And here is the C++ delete operator version:

    void operator delete(void* v)
    {
        int sz = size_of_block(v);
        memset(v, '@', sz);
        #undef free // avoid macro intercept
	free(v);  // call the real free (note: cannot use delete here!)
    }

Poisoning Stack Buffer Memory

Stack variables are still a problem, even if we're intercepting all heap allocation primitives. The simple example of an unitialized stack variable looks like this:

    void my_stack_crash_function()
    {
        char buf[100];
        std::cerr << buf << std::endl;
    }

Fixing stack buffer usage is more difficult than heap memory. We cannot easily intercept when the stack frame is increased on function entry, nor when it is released on function returns. Compiler vendors could do this, but it's hidden from the programmer. There's no way to use macros, and I'm not aware of any callback mechanisms or compiler settings to control the memory on the stack.

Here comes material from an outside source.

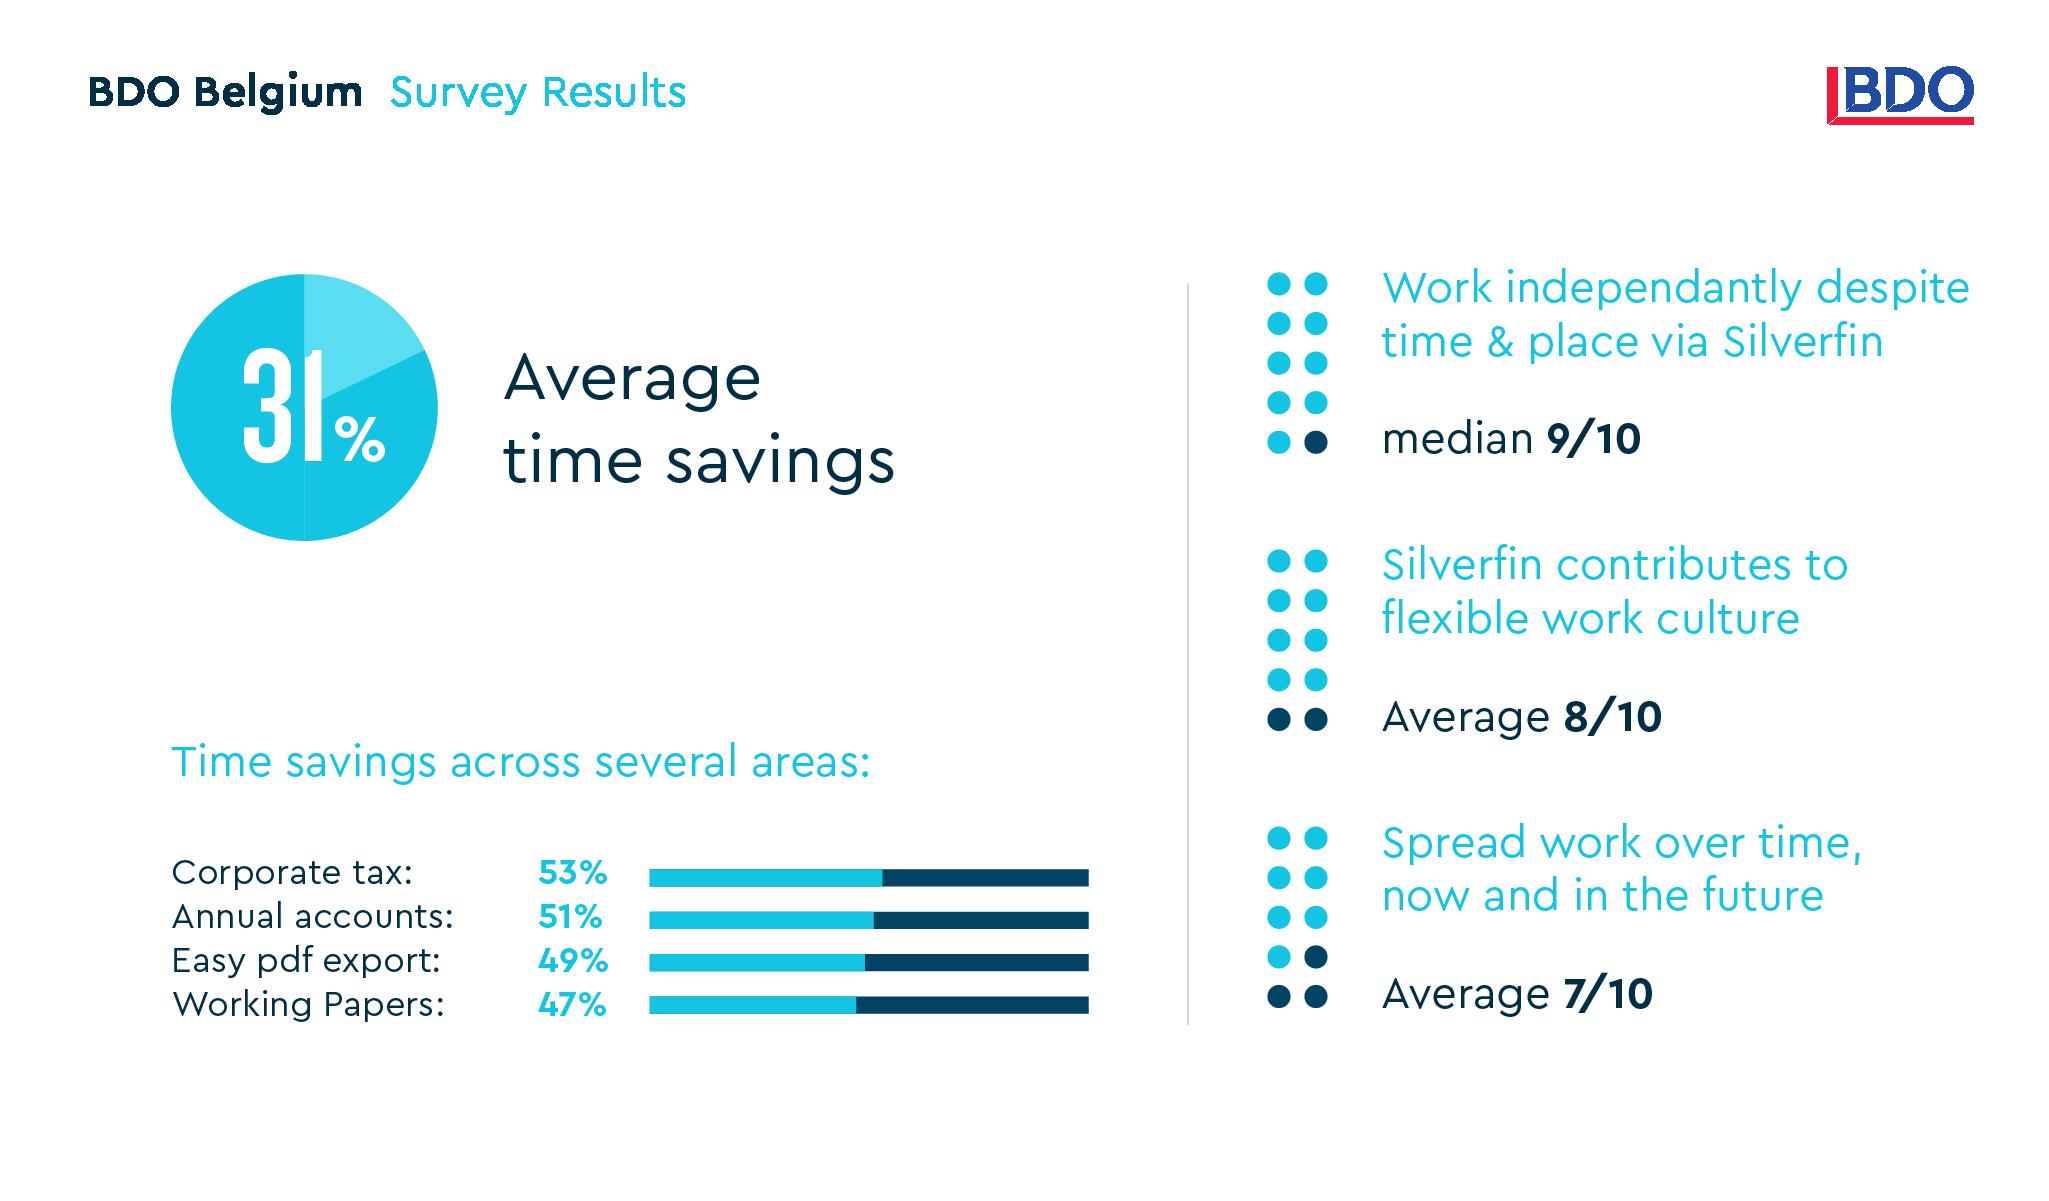 BDO_Survey_Results_EN_V2.2@2x

Some of the possible approaches to poisoning uninitialized stack variables include:

• Explicit calls to memset
• Use smart buffer objects instead of local array buffers (i.e., a one-variable wrapper).
• Use two-variable methods with smart buffer wrapping objects.
• Macro-intercept the alloca dynamic stack block allocation method (but it's rarely used, so this isn't that valuable).

This is the usual way of requiring an initialization, which obviates the need to do poisoning completely (except see below about partial buffers):

    char buf[100] = "";

This is a worthwhile policy, and it fixes the bug in my above code example. The downside is that the whole buffer is not zero.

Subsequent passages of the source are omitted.